Creely v. Ostrander

3 Bradf. 107 | N.Y. Sur. Ct. | 1855

The Surrogate.

The decedent died without leaving issue, and his will is contested by a half-sister and several nieces and nephews. In the year 1845 Mr. Engle executed a will, wherein, after providing for his wife, he gave several legacies, from one to five hundred dollars,-among his relations and connections, and then devised the remainder of his estate in trust for the establishment of a free infant school.

The will now propounded for proof, and which was executed the day of his death, gives to his wife’s sister the use of his dwelling-house and furniture, and to several relatives of his wife, $3500; to the Society for the Relief of Indigent Females, $2500; to the Greene Street Methodist Church, $500, for the benefit of the poor; and the residue of his estate, except a house and lot on Broadway reserved for “ future disposition,” in trust during two lives, for the benefit of some fifteen relatives on his maternal side. At the expiration of the term the estate is to be divided among his heirs-at-law and *111next of kin who shall then he living, in the same manner and in the same proportions as if the decedent had died intestate.

The decease of the testator’s wife, and the advice he received as to the invalidity of the first will, probably led to the revocation of that instrument, and the execution of a new will. The contestation on the ground of incapacity has, I think, entirely failed. Although in his eighty-fourth year of age, and enfeebled by disease, his faculties seem to have been unimpaired. The witnesses who testified to the contrary indicate no facts which satisfactorily shake this conclusion; while, on the other hand, there is evidence of the highest character in favor of his testamentary capacity. Mr. Lord, who was called in for the purpose of receiving instructions to draft the will, on the 25 th of February, 1854, had a long interview with him, in the course of which ample opportunity for judging of his mental vigor was afforded.
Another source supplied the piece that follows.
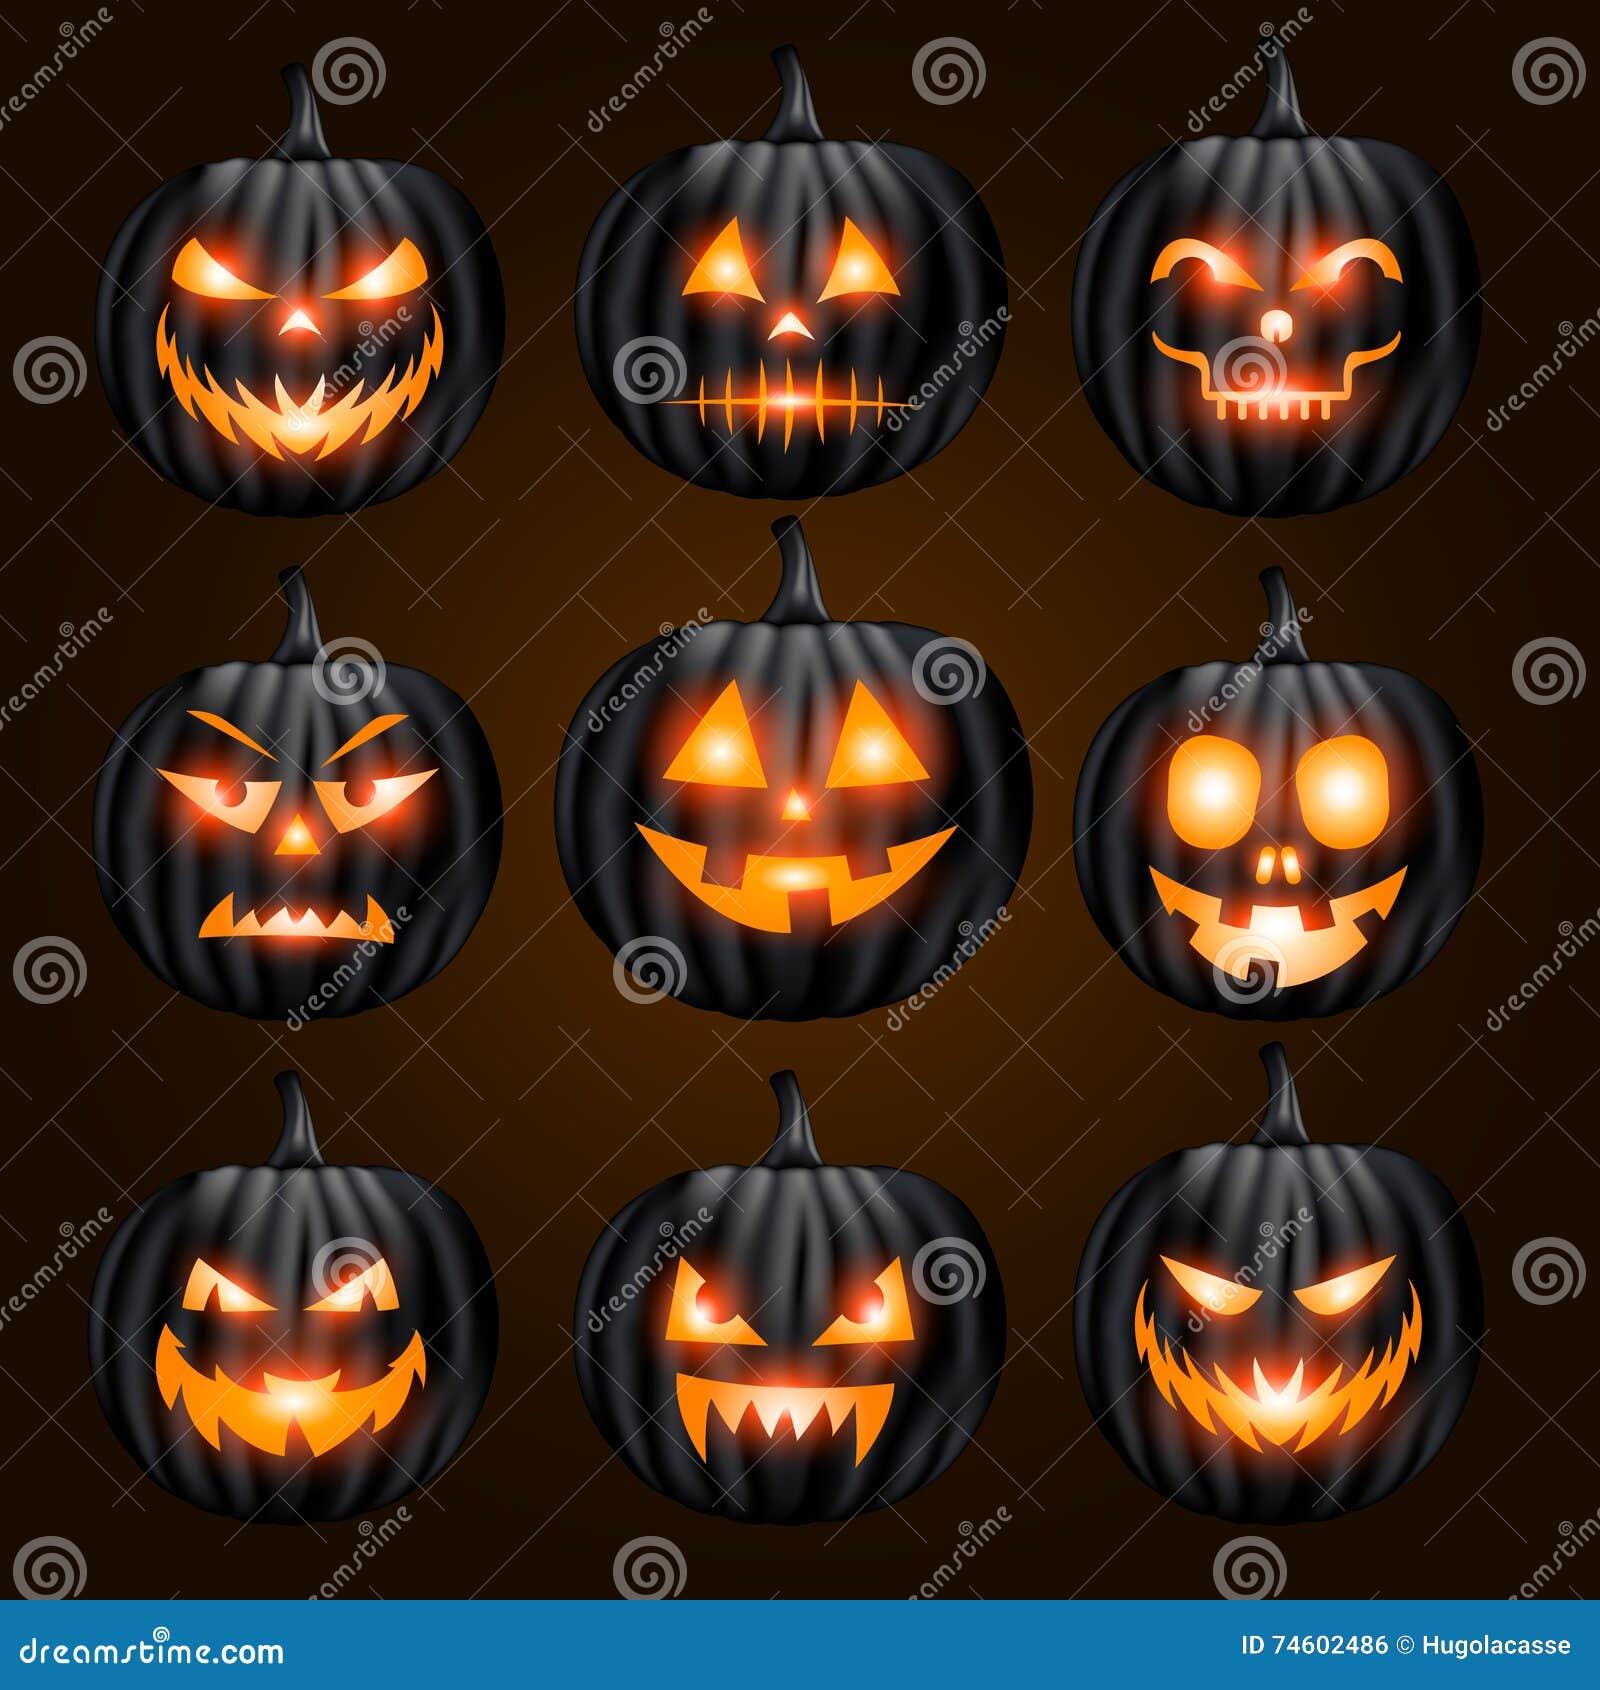 jack o lantern pumpkin faces glowing on black background stock rh dreamstime com halloween pumpkin face templates funny pu

We have the details of this conference in memoranda made by him at the time, from which it appears that the testator made a long statement of his property, and gave a list of his relatives and friends. The memorandum closes with these words: “ His mind and memory seemed wholly unimpaired.” Mr. Lord says he was careful to look into his entire capacity to make a will,” and the result was I had no hesitation in going on and drawing the old man’s will, whatever it might have been, being perfectly satisfied he possessed the requisite capacity.” It is to be observed that Mr. Lord advised the testator against the scheme of the charity contained in the first will, thinking, in consequence of the character of the proposed administration of it, that its object would not be well attained, and recommended him to dispose of his property among those having expectations from him, and those who had taken care of him.” The matter was not then decided upon, and a future meeting appointed having failed, owing to Mr. Lord’s sickness, other counsel was called in.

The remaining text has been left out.